- **Task requirements**: Write every line of the material again exactly, with no pictures in the copy.

- **Material provided**:
*****
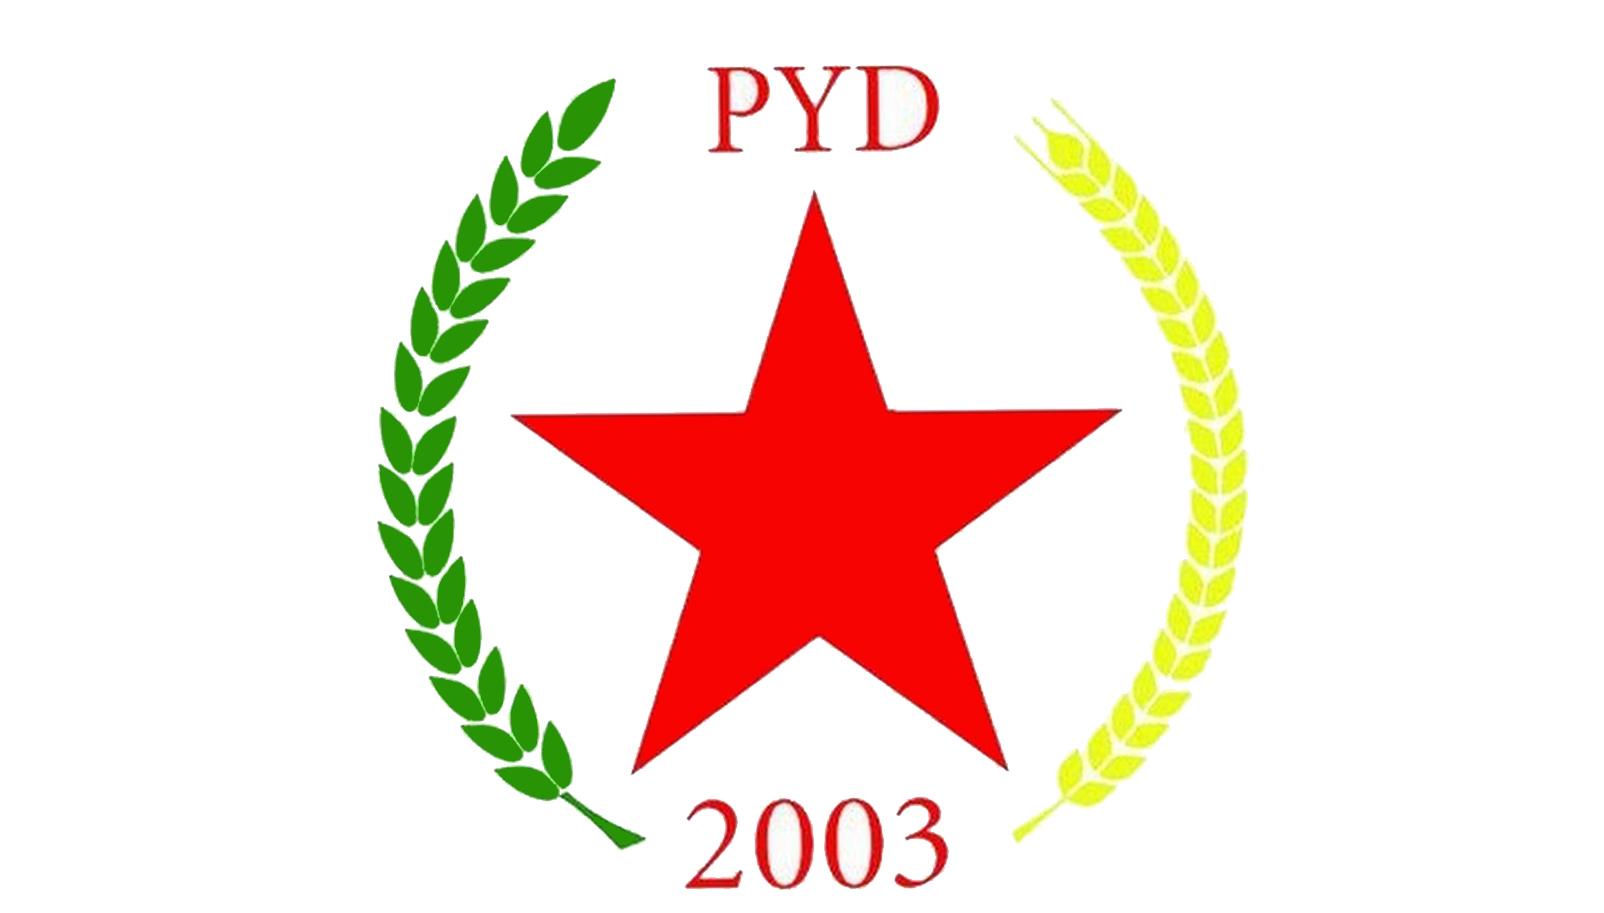 Drapeau du PYD.
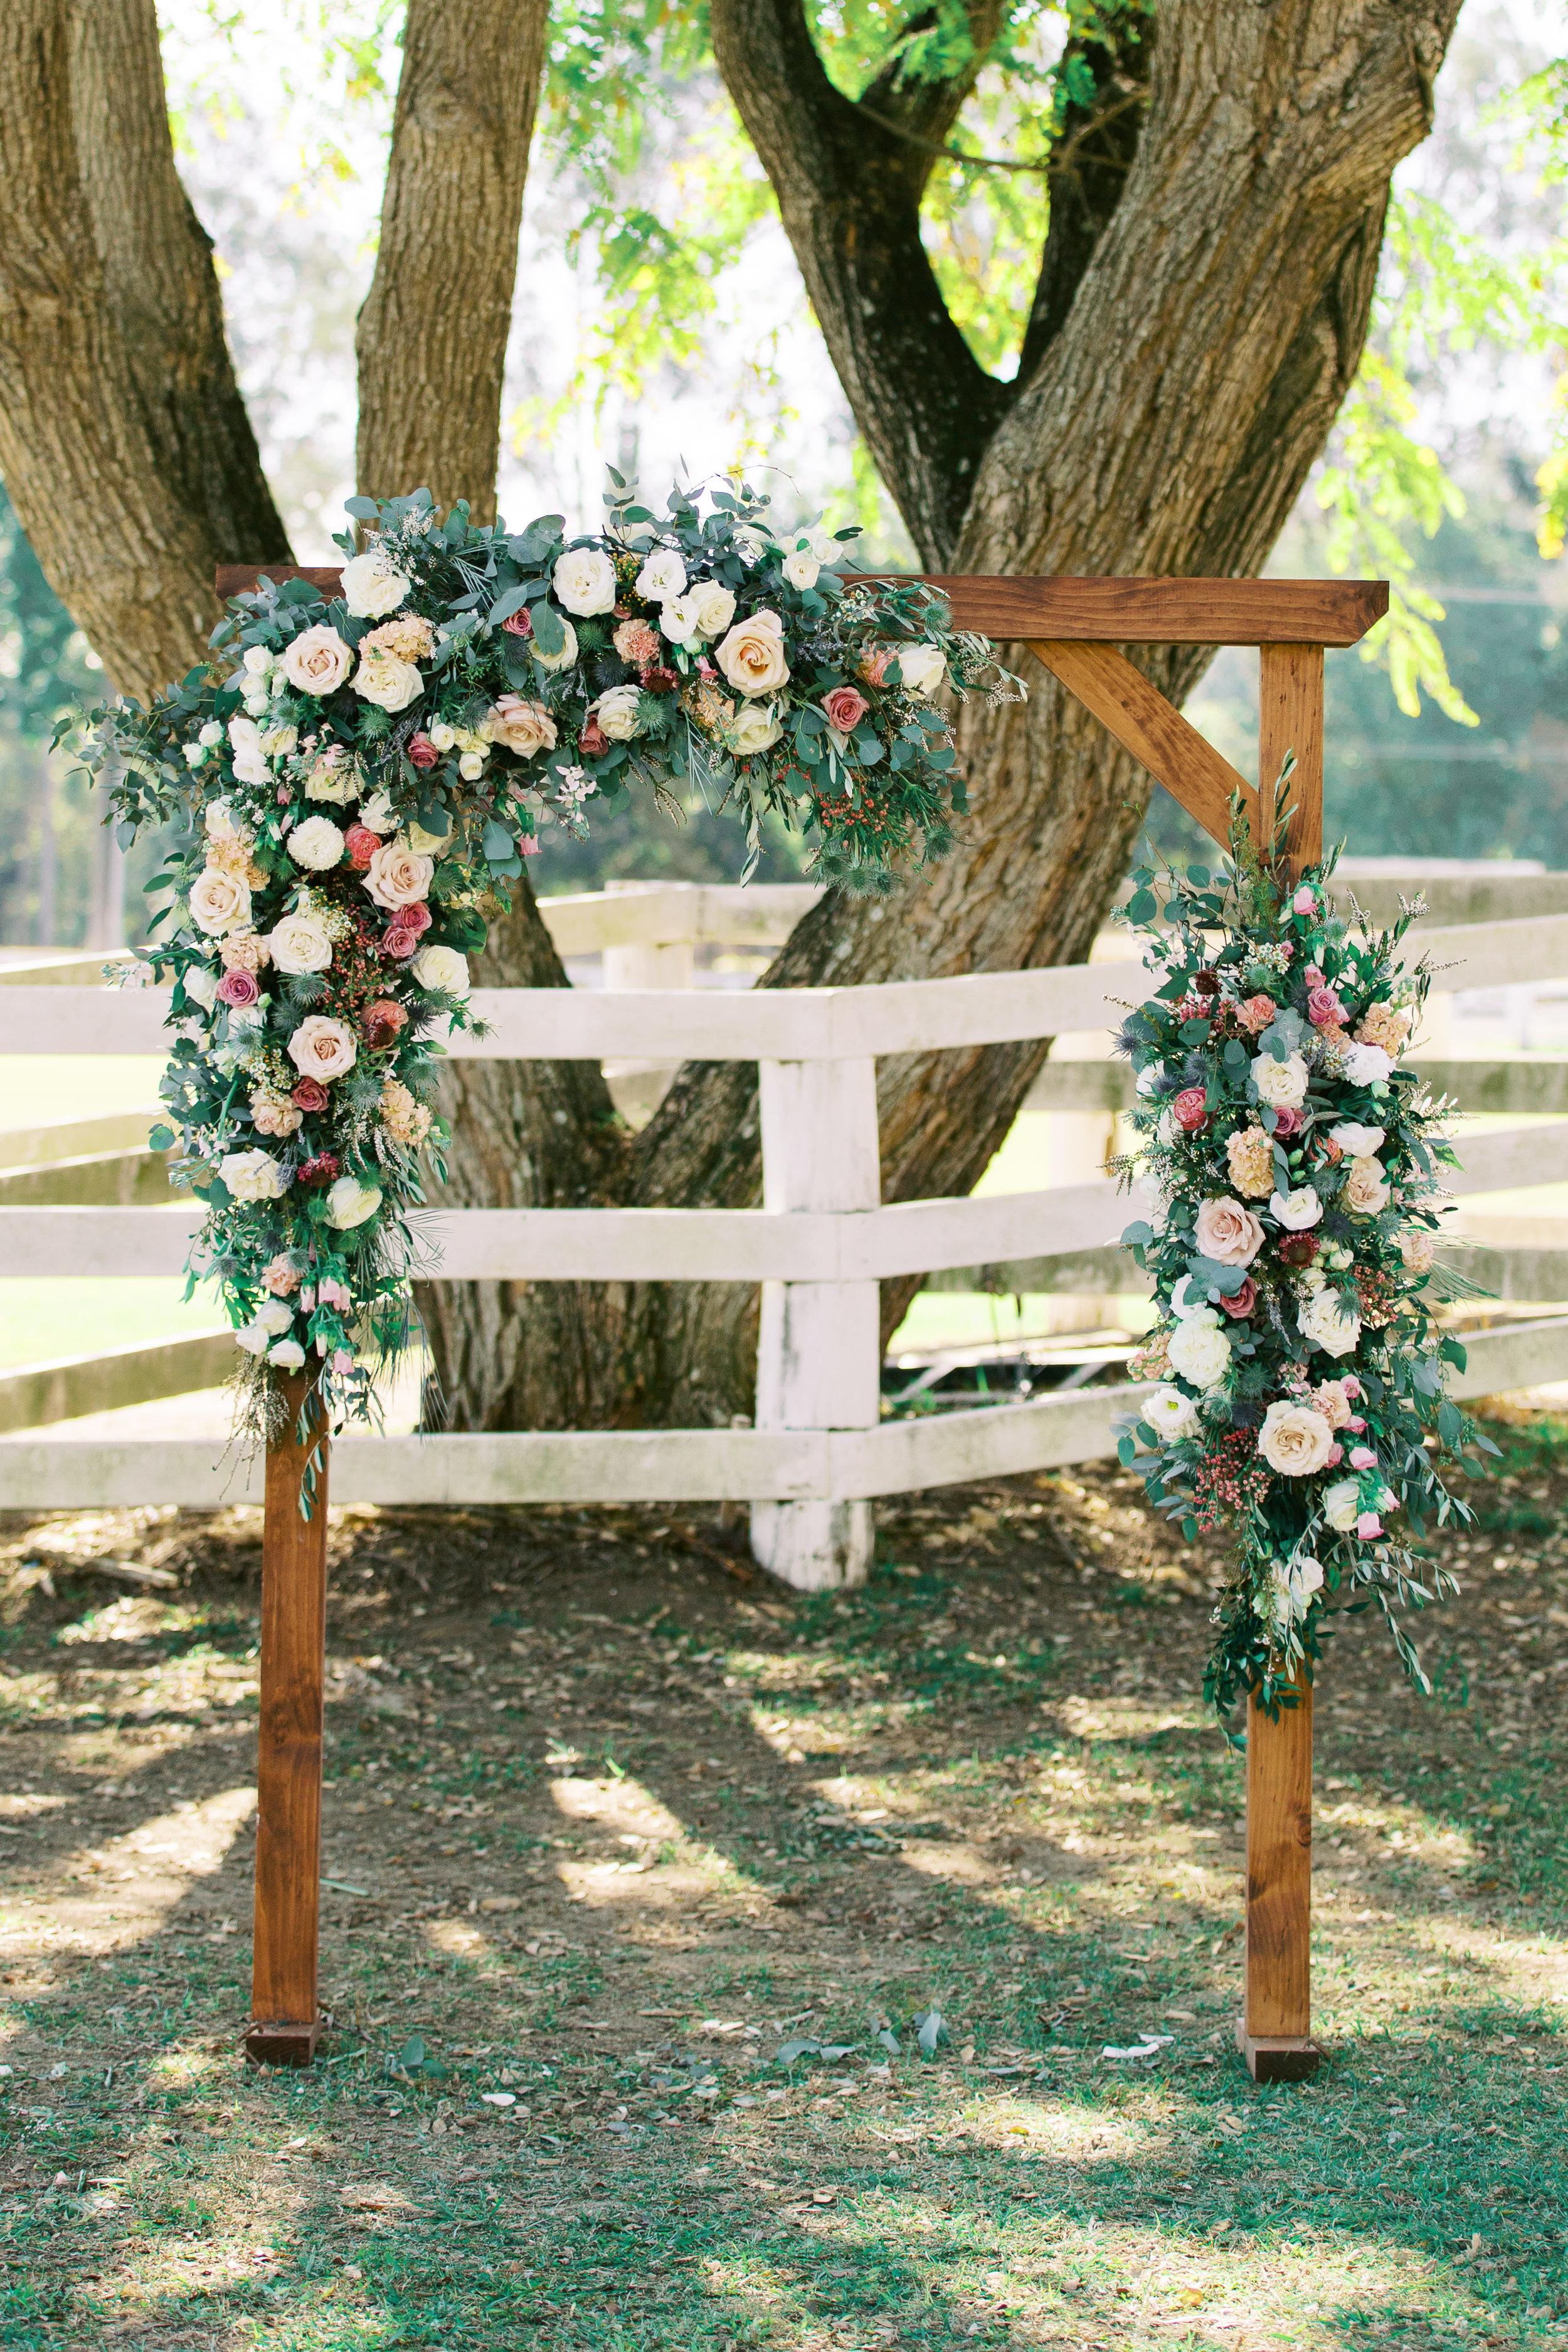 brisbane-gold-coast-sunshine-coast-tweed-romantic-fine-art-wedding-photography-lauren-olivia-21.jpg
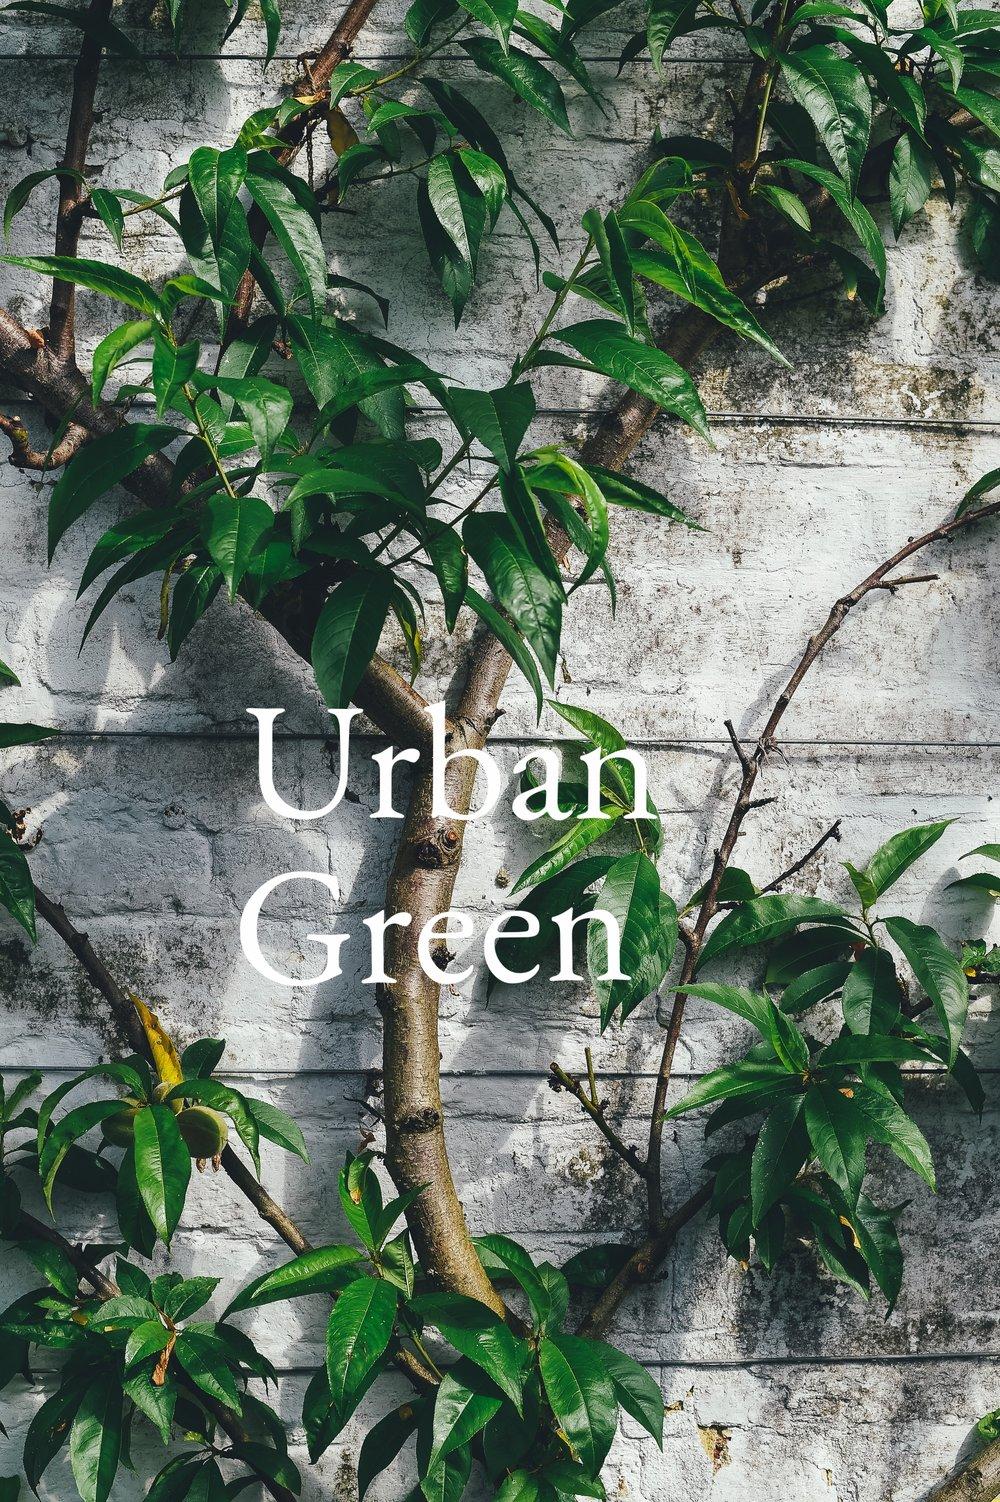 espalier for the urban green annie spratt Up cL.jpeg
*****
- **Output of the exercise**:
 Drapeau du PYD.
 brisbane-gold-coast-sunshine-coast-tweed-romantic-fine-art-wedding-photography-lauren-olivia-21.jpg
 espalier for the urban green annie spratt Up cL.jpeg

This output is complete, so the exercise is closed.